Cherry was part of an all- Black division in a segregated army fighting North Koreans. He was held at a place called Camp Five, where he suffered in the elements dying from pneumonia in 1950. He was buried near the camp.
Thousands of remains were turned over to the U.S. in 1956.
Cherry initially was not identified. He was interred as X-13460 at the National Memorial Cemetery of the Pacific in Hawaii.
In 2018, the Army took DNA samples from a now-deceased niece and his brother, Ulysses Cherry, who is also a veteran.
Seventy years after being taken prisoner, X-13460 was disinterred and identified in 2020 as corporal R.B. Cherry using mitochondrial DNA.
Pathologist Amy Gruszecki says mitochondrial DNA does not easily degrade.
"It's inherited through a maternal lineage so any maternal ancestor can be used to match to it," she said. "It’s self-explanatory. Mitochondrial DNA even in remains like these war-dead, they hold up over time so that can be used for matches."
Ulysses, who is now 89, followed his brother into the army in 1953.

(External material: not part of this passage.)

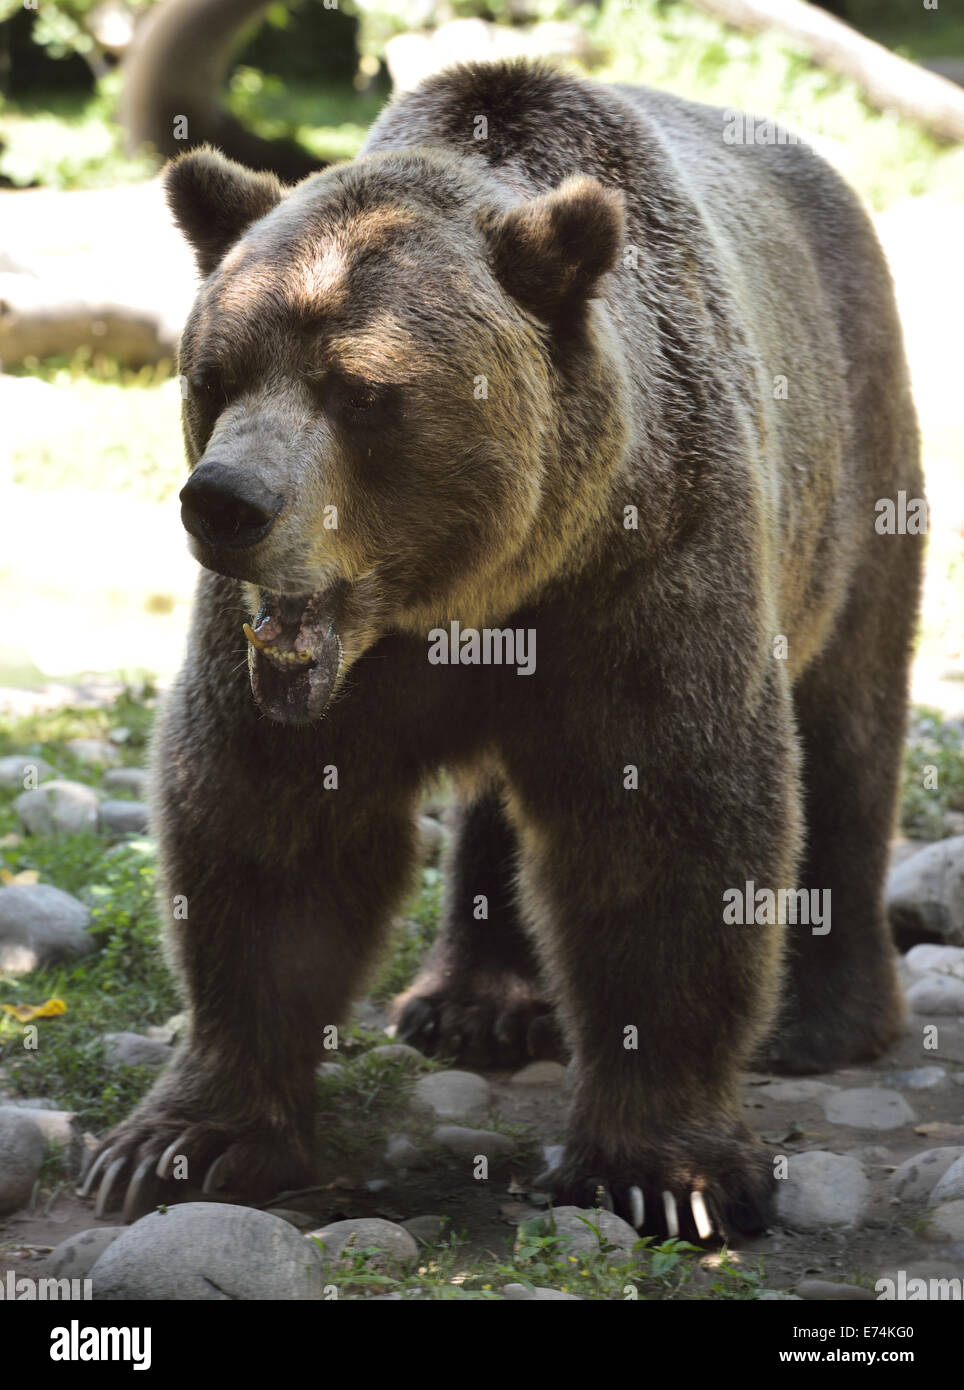 Grimacing face of mature Grizzly bear Ursus arctos horribilis Toronto Zoo - Stock Image

"They were gonna send me to the same place where he had got killed," he said. "But during that time, they decided not to send two brothers to the same place. So they sent me to Okinawa.
As the family received the Purple Heart Medal, the general repeated the soldier creed.
"We will never quit, and we will never leave a fallen comrade behind," Ragin said. "It might take us years, but we will bring them home."
The Cherry family never gave up hope that he would be found, they could have closure and they would know this soldier's story.
"Now we know the history, it means a lot more," said family member Irma Washington. "I can't even explain the feeling that you get knowing that he's on American soil, and he's home. He made it home with us, and that’s beautiful."
There at least 7,800 soldiers from the Korean war conflict still unaccounted, leaving many families still waiting for their loved ones to come home.